Design a solid steel shaft to transmit 14 hp at a speed of 2400rpm f the allowable shearing stress is given as 3.5 ksi.

Answer 1

Answer:

 Is required a 0.8 inches diameter steel shaft.

Explanation:

With the power P and the rotating speed n (RPM), we can find the torque applied:

T = P/N

Before calculating the torque, we convert the power and rotating speed units:

$P = 14\ HP * 550\ \frac{\frac{lb.ft}{s}}{HP} *\frac{12\ in}{ft} = 92400\ \frac{lb.in}{s}$

$n=2400\ RPM .\frac{2\pi/60\frac{rad}{s}}{RPM}= 251\frac{rad}{s}$

Replacing the values, the torque obtained is:

$T = \frac{92400\ lb.in/s}{251\ rad/s} = 368\ \ lb.in$

Then the maximum shearing stress will be located at the edge of the shat at the Maximus radius:

$Smax =\ \frac{T.R}{J}$

Here J is the moment of inertia and R a radius. For a solid shaft, it is calculated by:

$J =\frac{\pi.D^4}{32}$

Where D is shaft's diameter.
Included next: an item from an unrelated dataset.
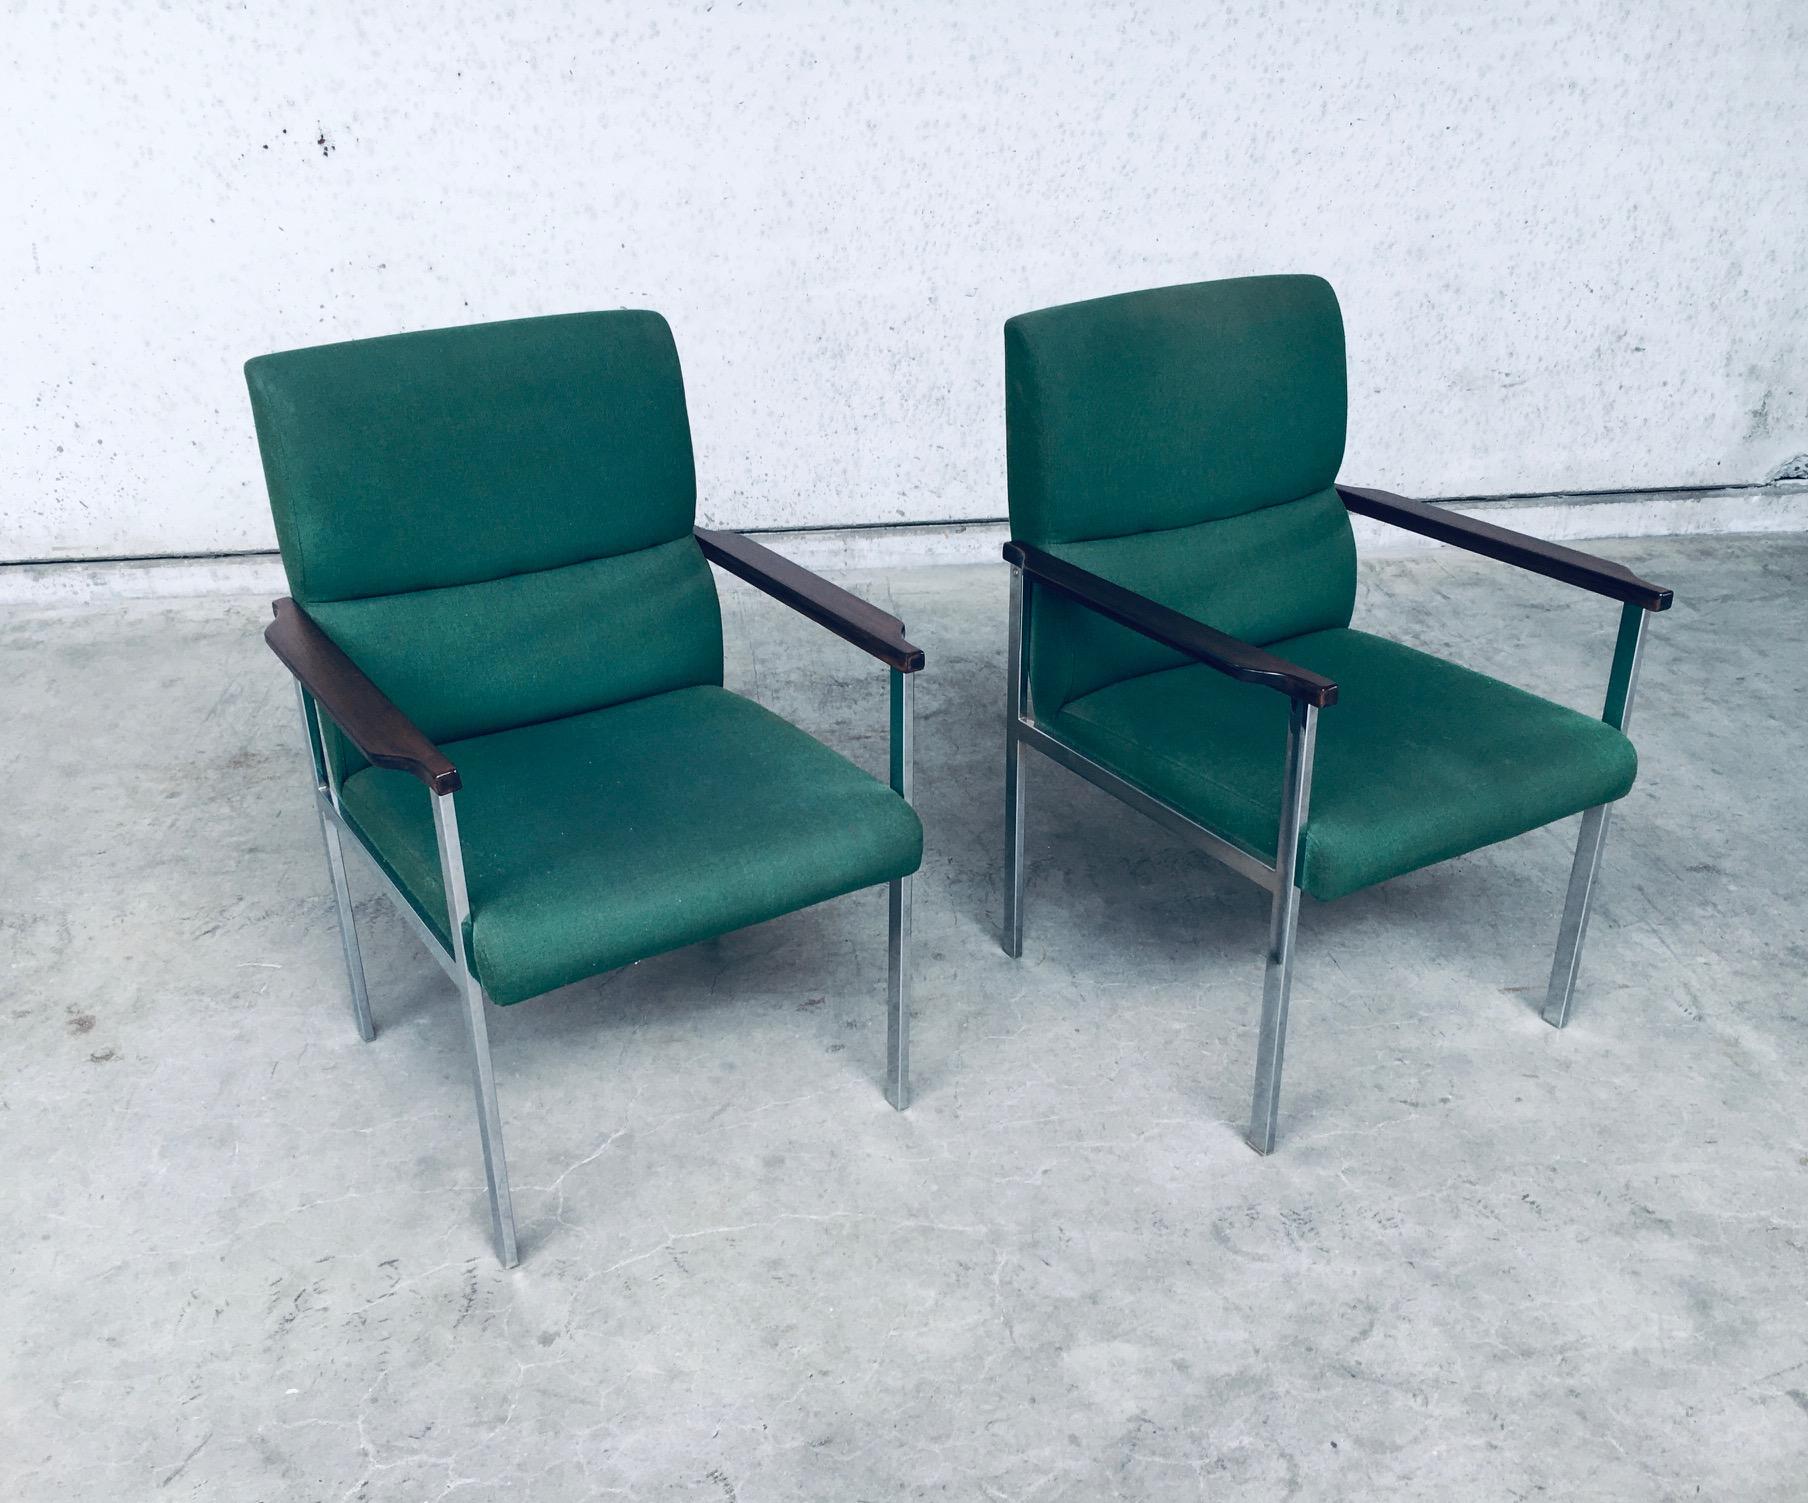 Vintage Midcentury Modern Design pair of Office Arm Chairs by Brune, made in Germany 1960's. Rare Chairs! Brune Label underneath the chair. Original green fabric with Palissander look wood arm rest on chrome metal frame. Both are in very good

Replacing the expression of J in

$Smax =\frac{T.R}{\frac{\pi.D^4}{32}}$

As the radius is half of the diameter:

$Smax =\frac{T.D}{\frac{2*\pi.D^4}{32\\} } = \frac{16T}{\pi.D^3}$

For the maximum stress of 3.5 ksi (3500 psi = 3500\ lb/in^2) and the calculated torque:

$Smax = \frac{16.368\ lb.in}{3500\ lb/in^2*\pi.D^3}$

Solving for D:

$D =\sqrt[3]{16.368\ lb.in / (3500\pi\ lb/in^2)}} = 0.8\ in$